__Task details__: The expected answer is the set of lines in the data below between the line holding "and note the" and the line holding "3D surroundings are", inclusive, written out exactly.

__Data excerpts__:
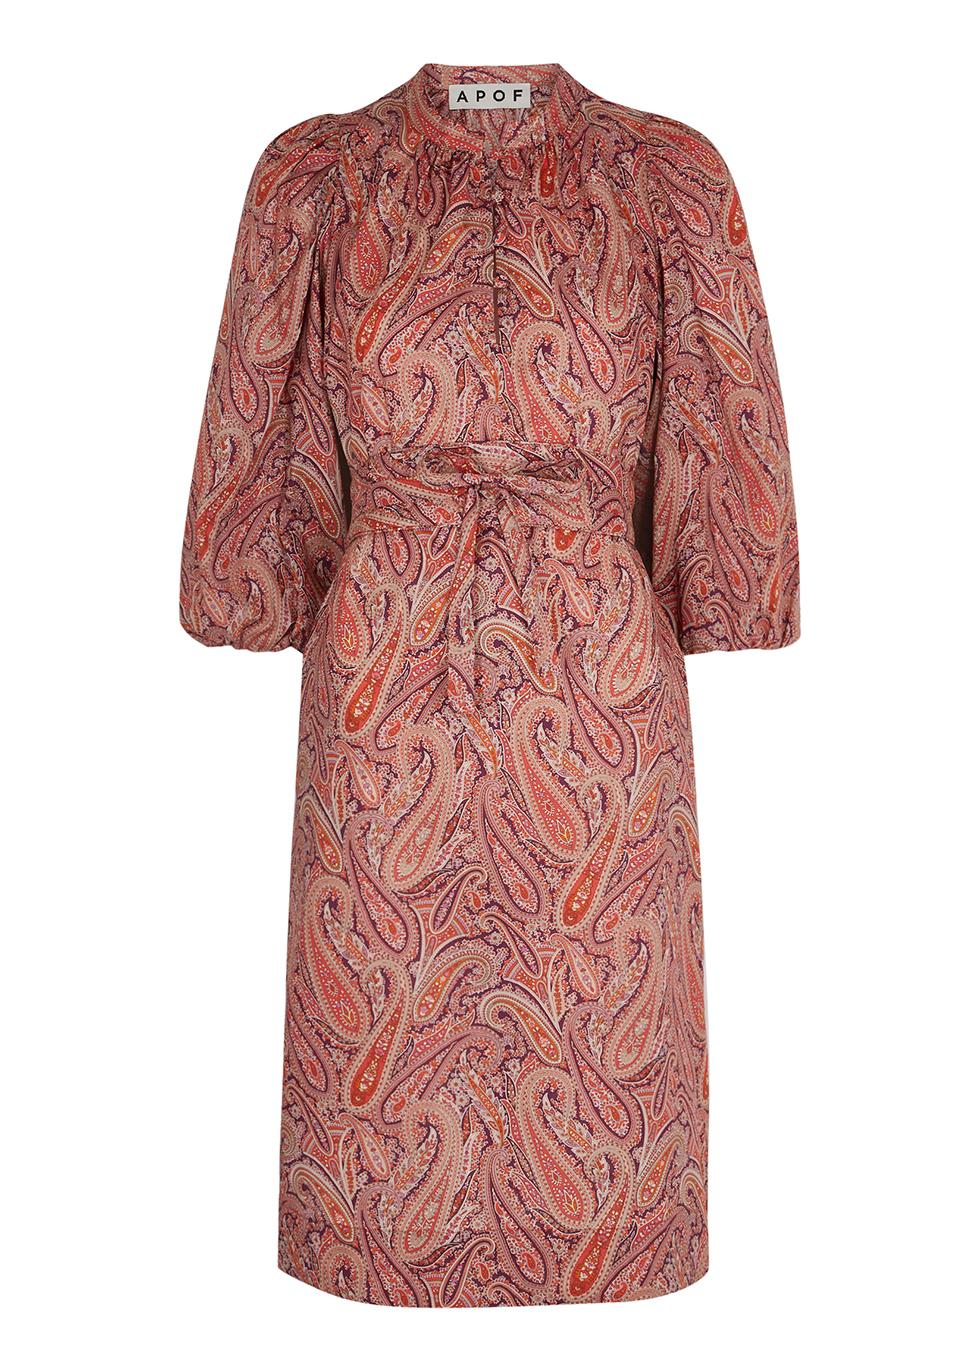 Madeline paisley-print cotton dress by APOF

...

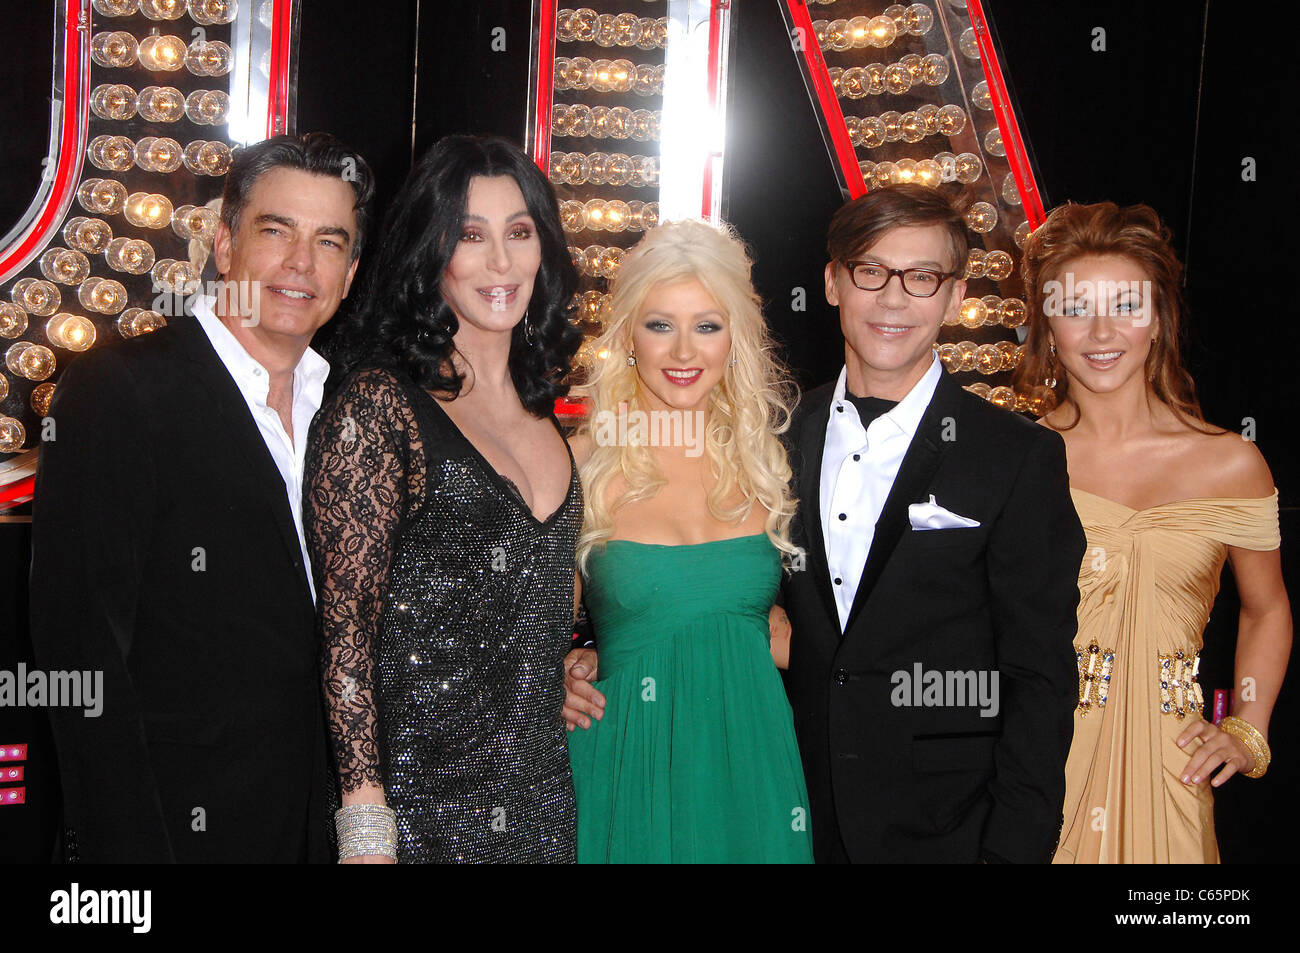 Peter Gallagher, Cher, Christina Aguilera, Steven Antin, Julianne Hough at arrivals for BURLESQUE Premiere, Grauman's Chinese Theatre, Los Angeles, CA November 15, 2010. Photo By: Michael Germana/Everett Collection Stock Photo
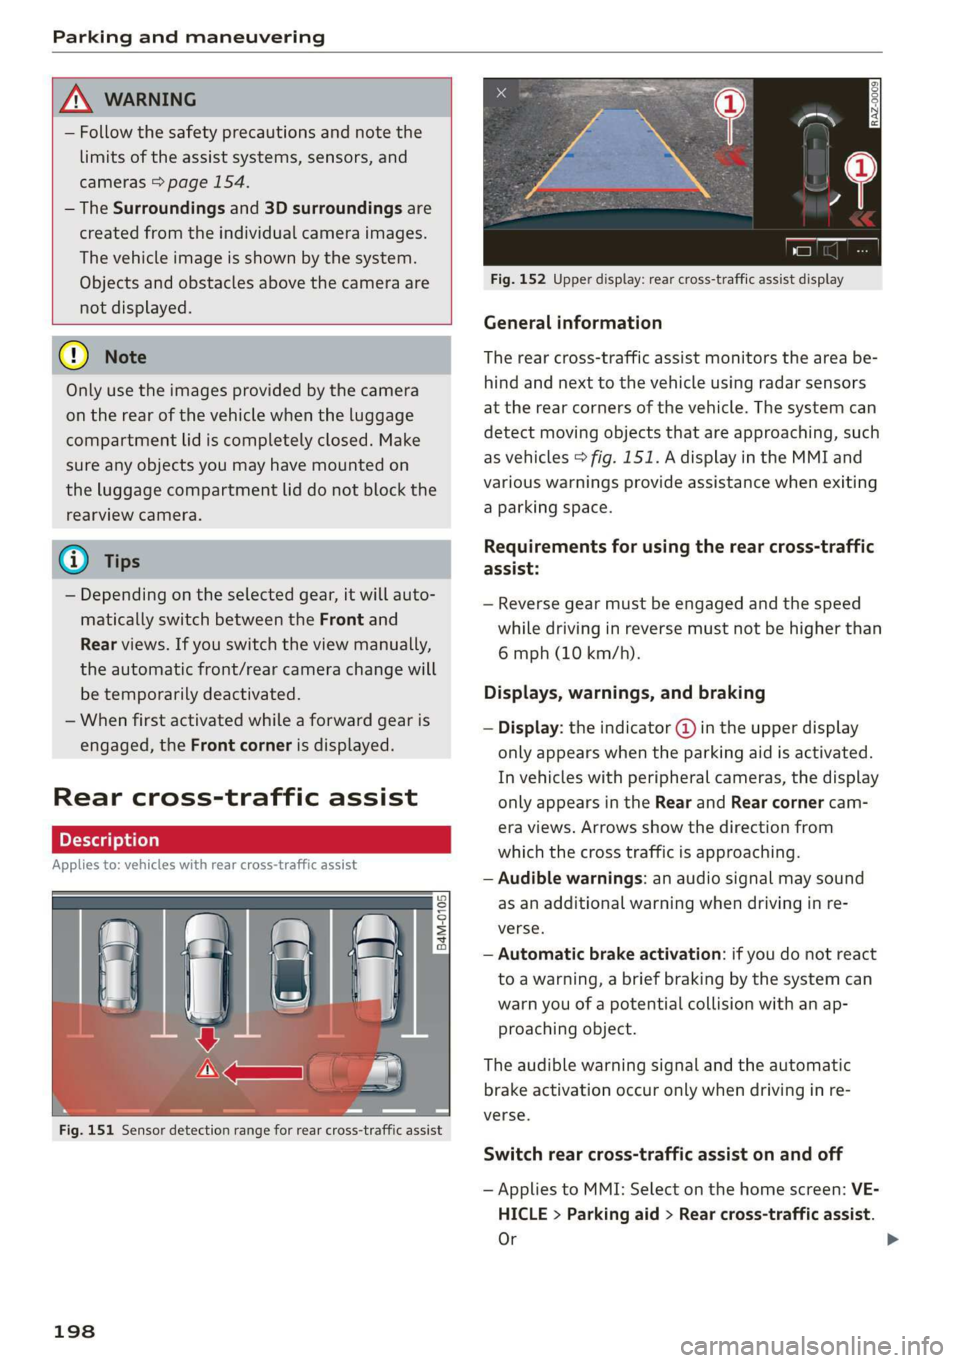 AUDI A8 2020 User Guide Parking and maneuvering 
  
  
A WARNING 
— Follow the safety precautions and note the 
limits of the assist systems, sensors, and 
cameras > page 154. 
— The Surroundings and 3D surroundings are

__Exercise answer__:
— Follow the safety precautions and note the 
limits of the assist systems, sensors, and 
cameras > page 154. 
— The Surroundings and 3D surroundings are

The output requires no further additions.